• **TO DO**: Your response is a verbatim copy of the listing, stripped of its images.

[RECORDED DATA Boundary: Start]

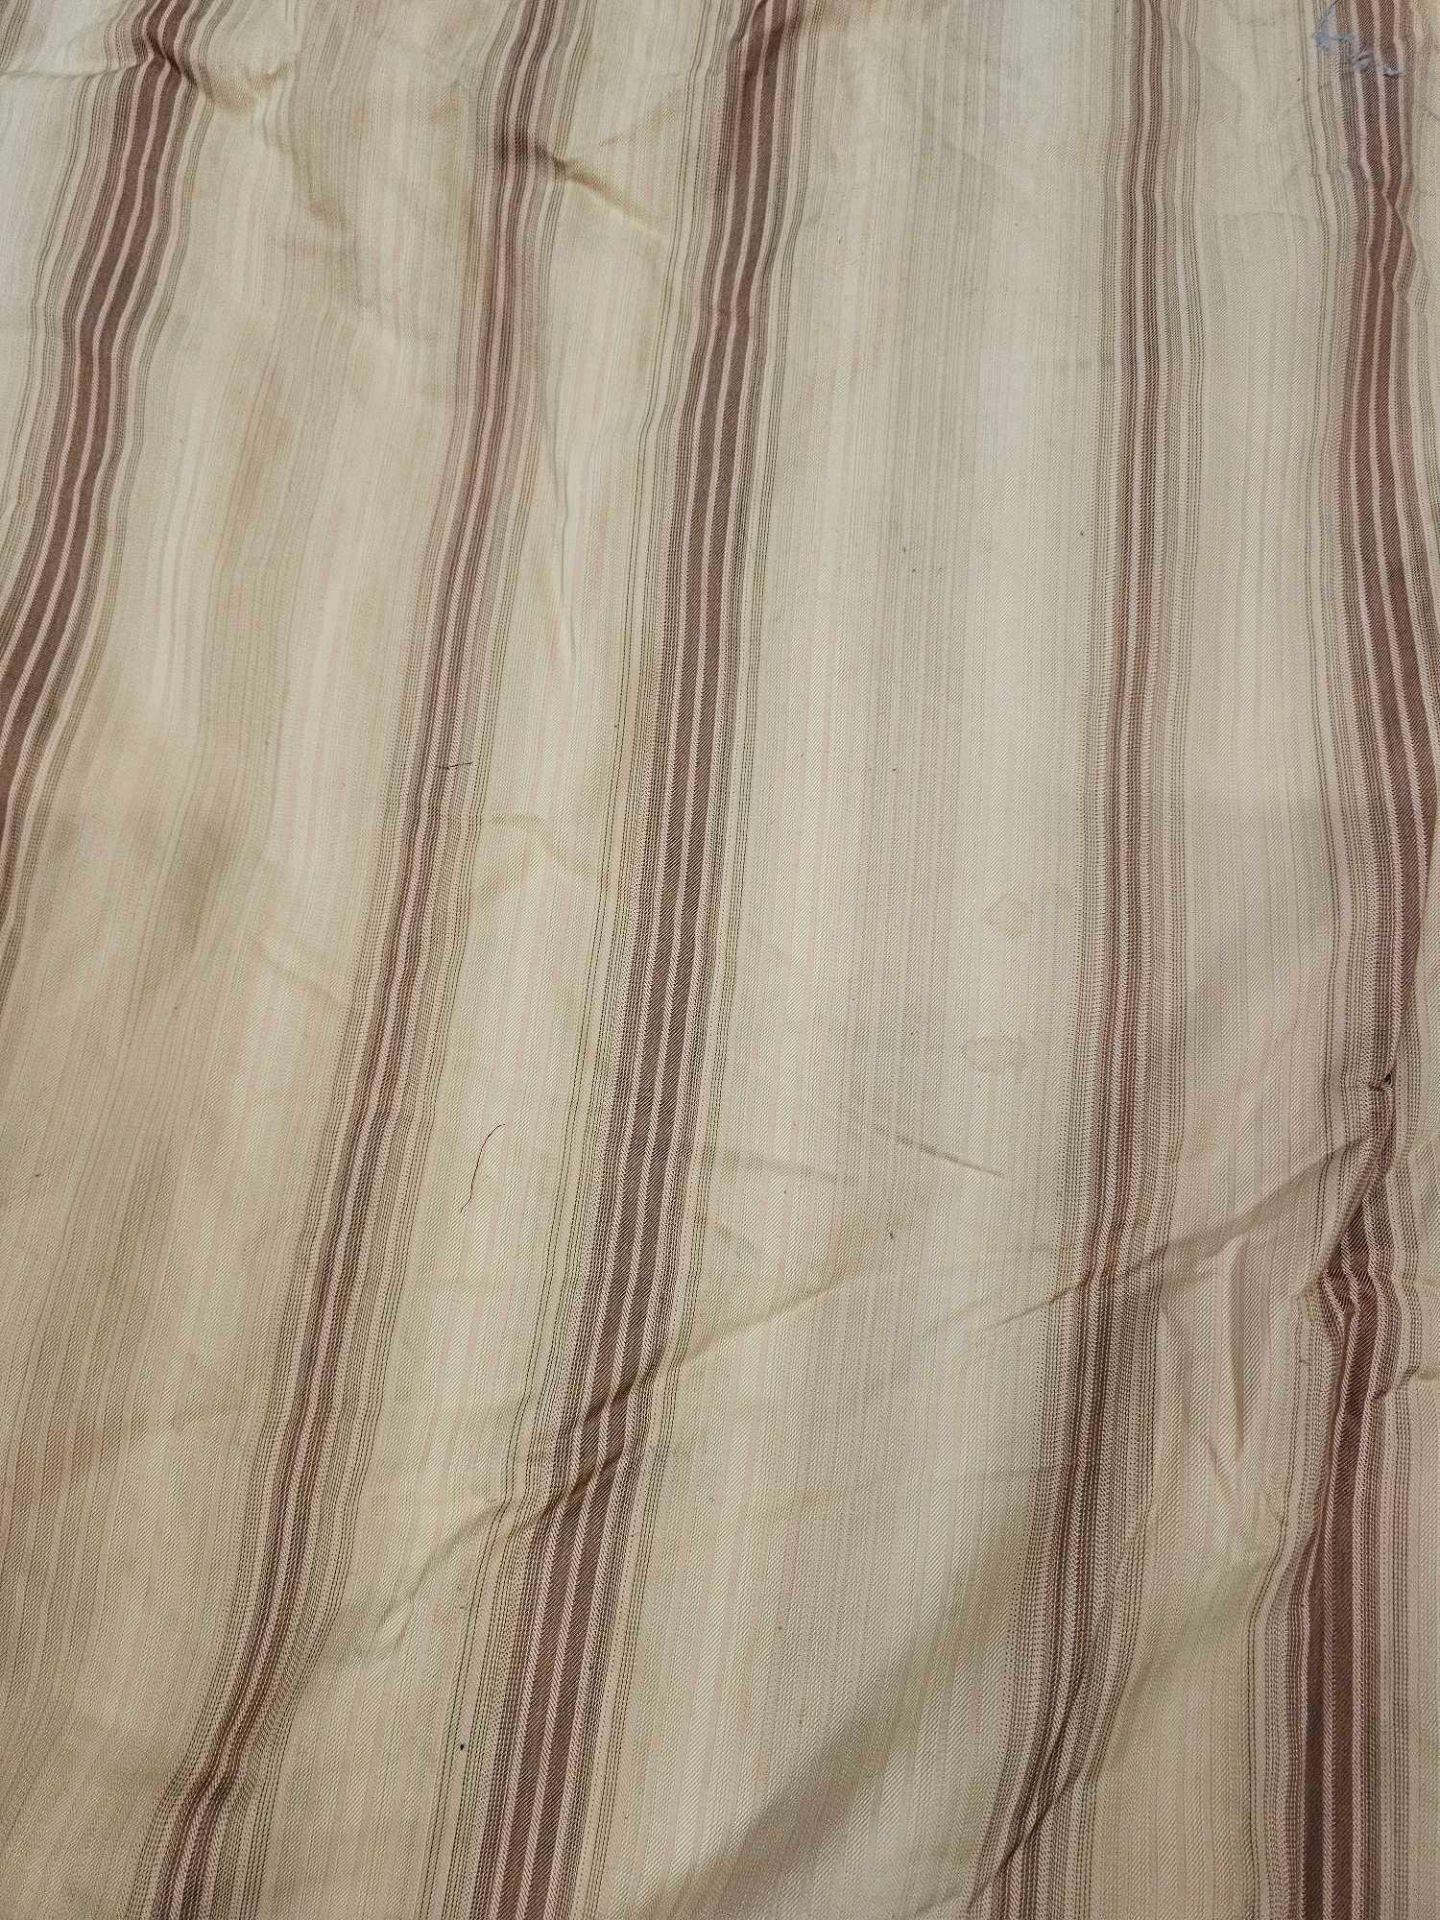 Pair Of Silk Drapes Striped Gold / Brown Size -cm 132 x 288 Ref Dorch 68 - Bild 3 aus 3
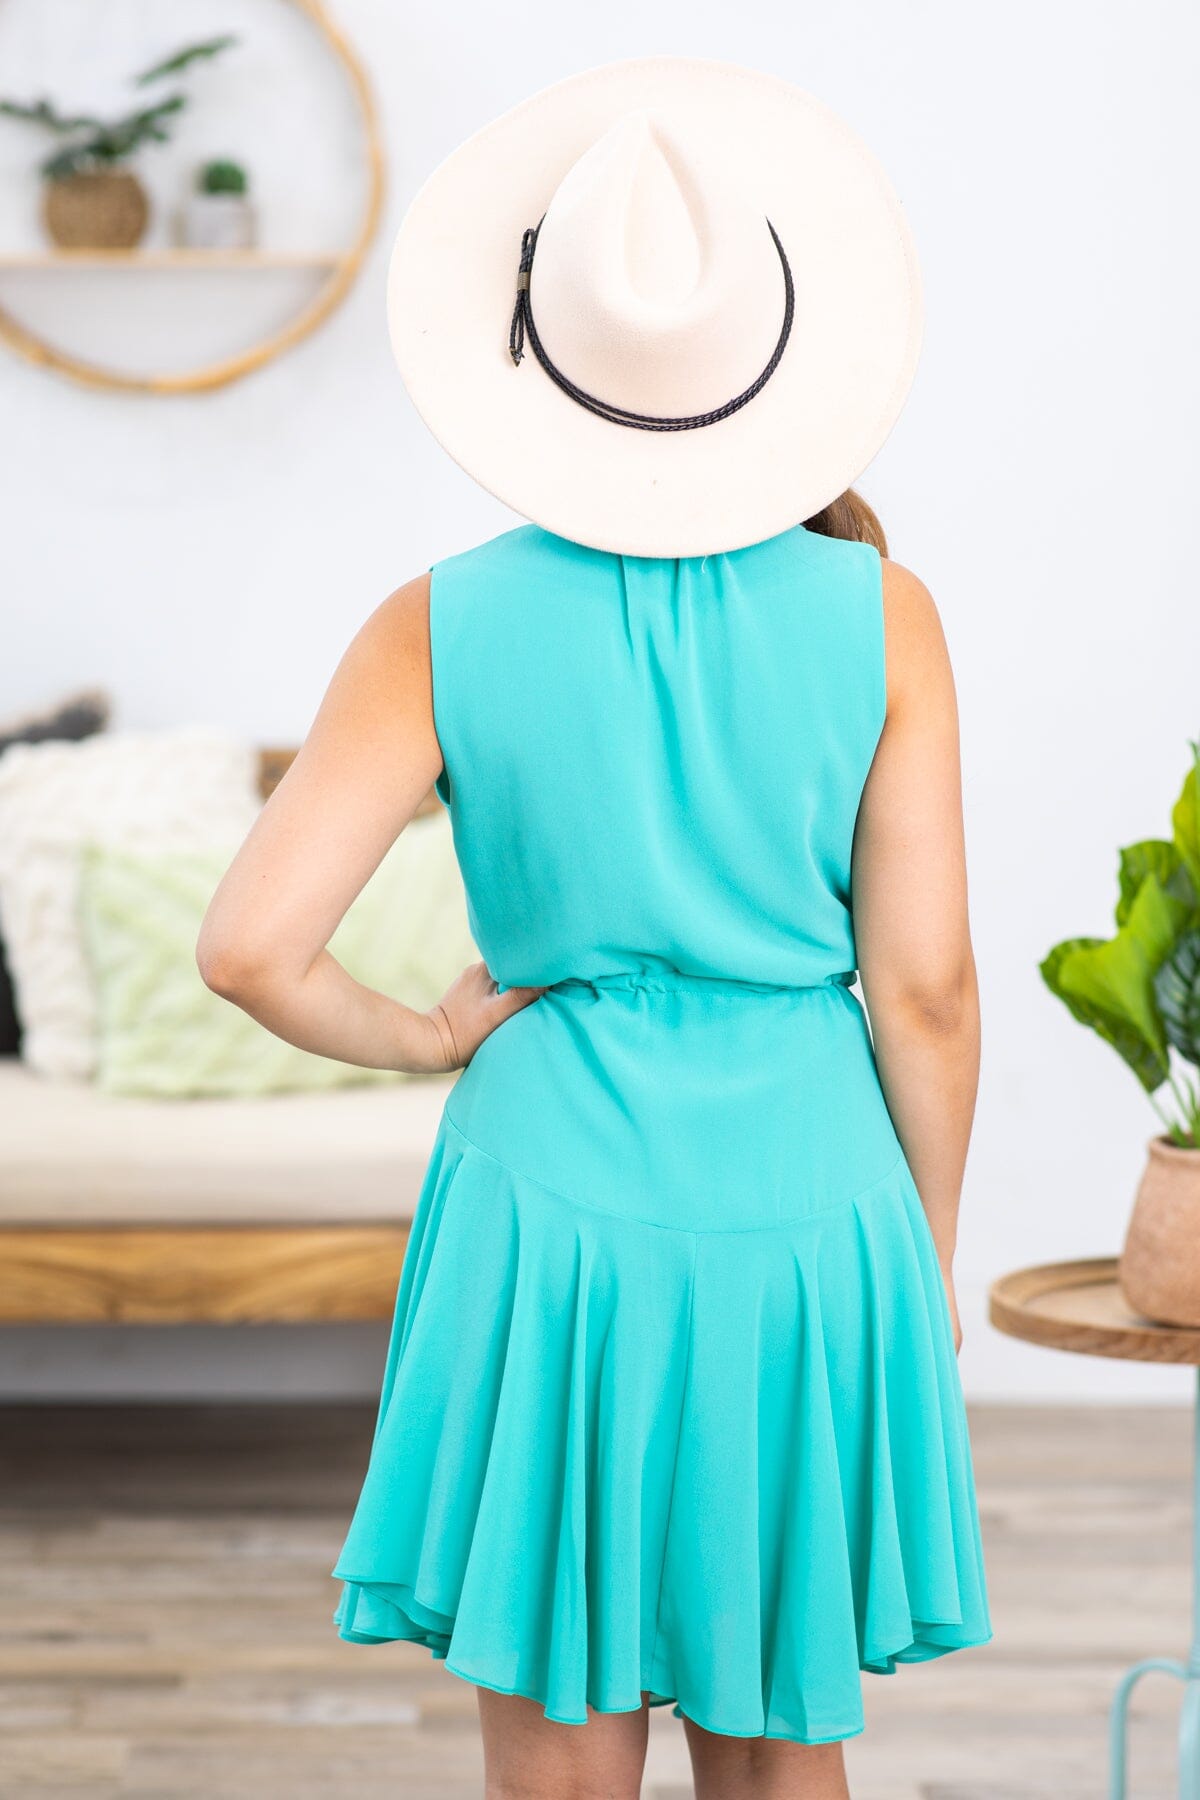 Turquoise V-Neck Self Tie Godet Skirt Dress - Filly Flair
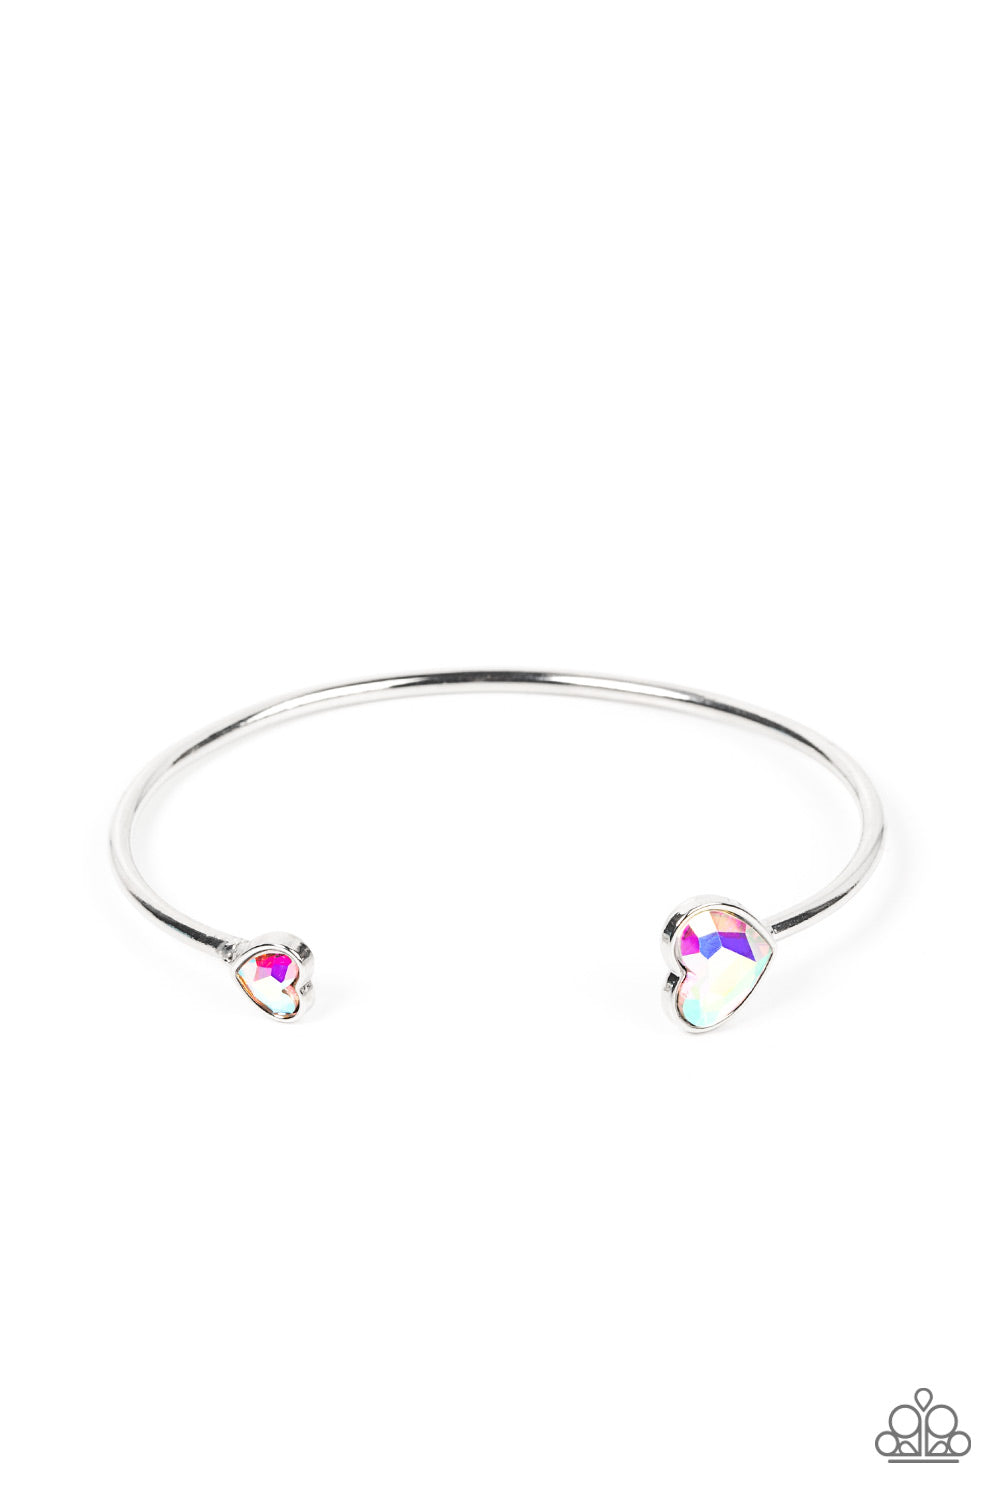 Unrequited Love - Multi Cuff Bracelet - Princess Glam Shop

[RECORDED DATA Boundary: End]

• **TASK ANSWER**:
 Pair Of Silk Drapes Striped Gold / Brown Size -cm 132 x 288 Ref Dorch 68 - Bild 3 aus 3
 Turquoise V-Neck Self Tie Godet Skirt Dress - Filly Flair
 Unrequited Love - Multi Cuff Bracelet - Princess Glam Shop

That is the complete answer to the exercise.